*Problem*:
Give the data again exactly, without images.
── Source data ──
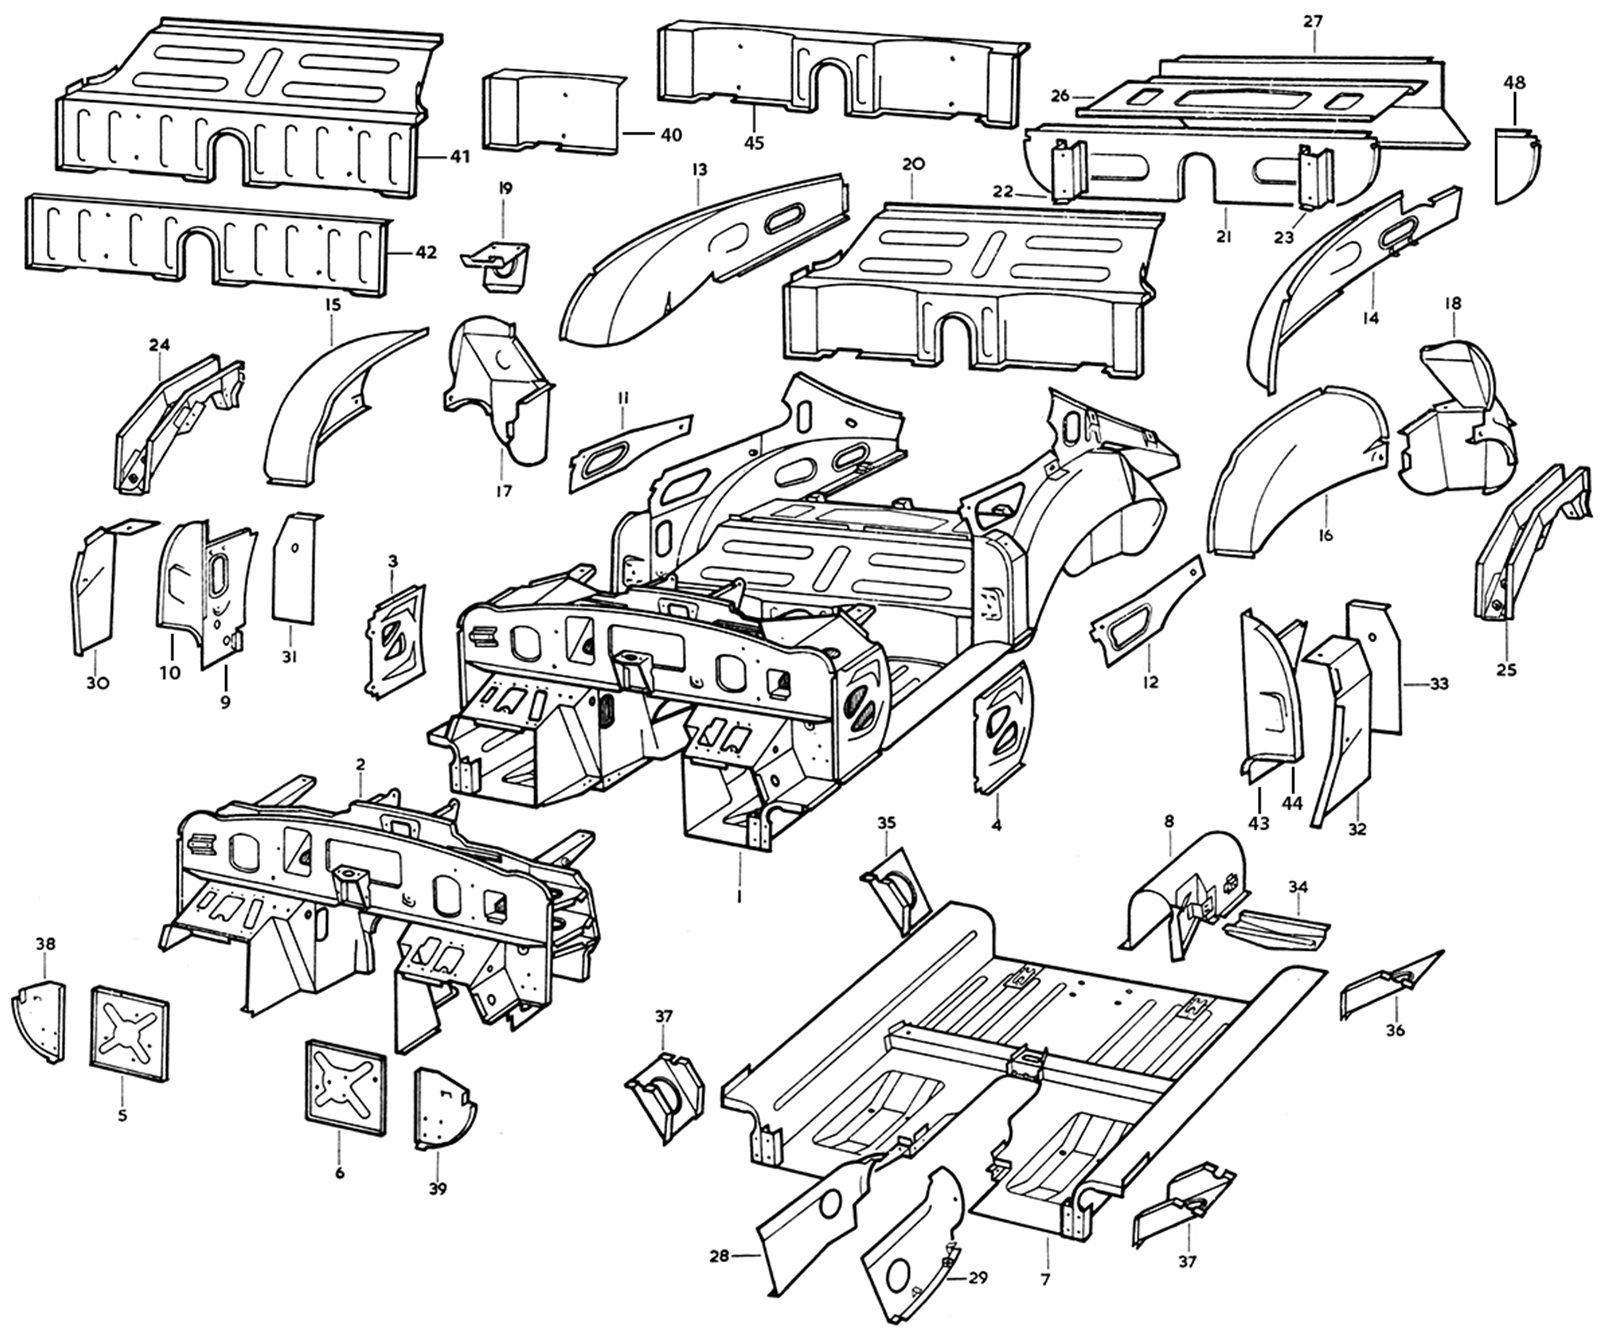 Independent Rear Suspension Diagram
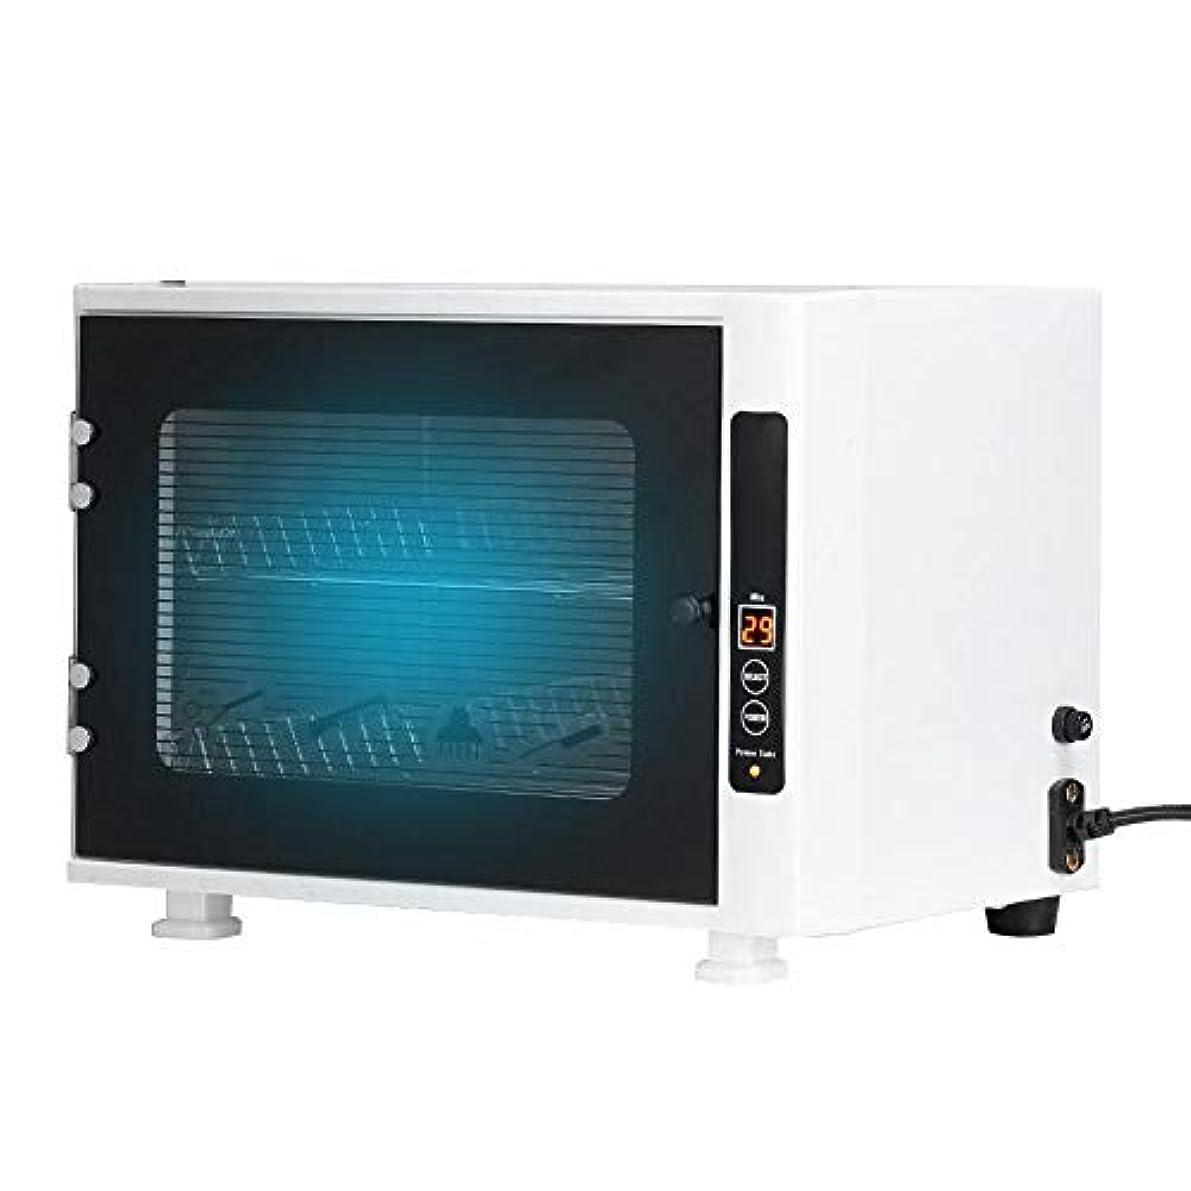 非アクティブチェリー圧縮する消毒キャビネット、プロフェッショナル滅菌ミニUV滅菌器消毒ボックスはさみタオルネイルツールサロン、美容、ホテル、スパ用の安全で信頼性の高い滅菌装置(USプラグ110V)
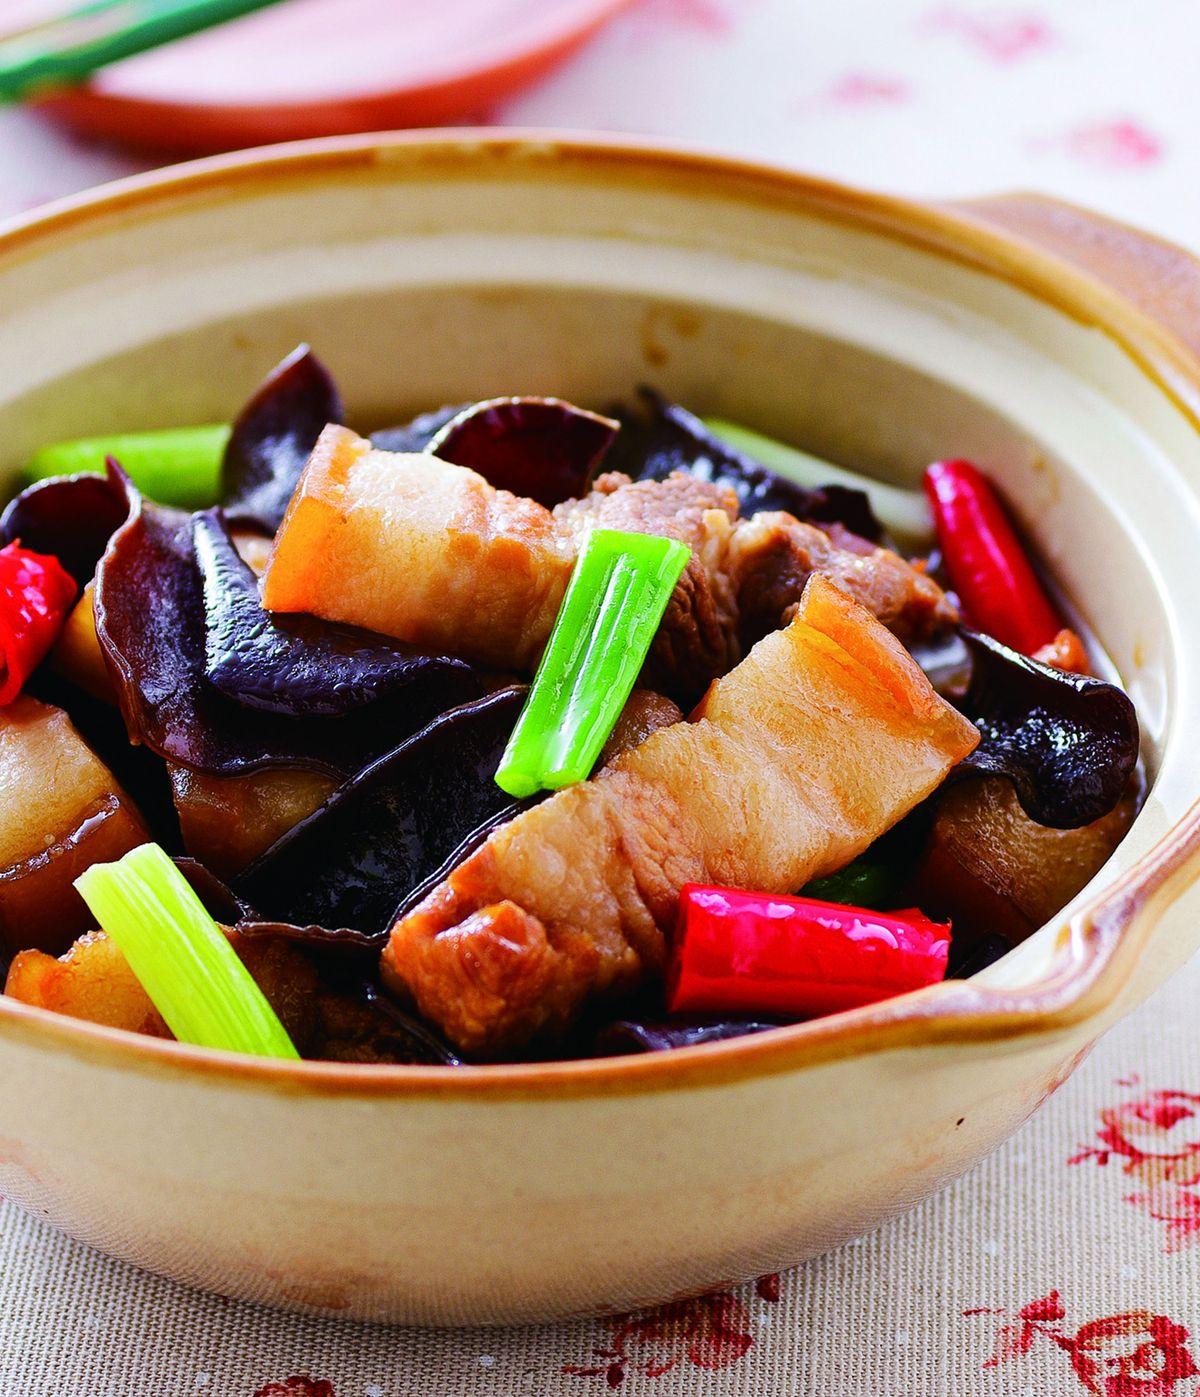 食譜:黑木耳燒五花肉
───
*Answer*:
 Independent Rear Suspension Diagram
 非アクティブチェリー圧縮する消毒キャビネット、プロフェッショナル滅菌ミニUV滅菌器消毒ボックスはさみタオルネイルツールサロン、美容、ホテル、スパ用の安全で信頼性の高い滅菌装置(USプラグ110V)
 食譜:黑木耳燒五花肉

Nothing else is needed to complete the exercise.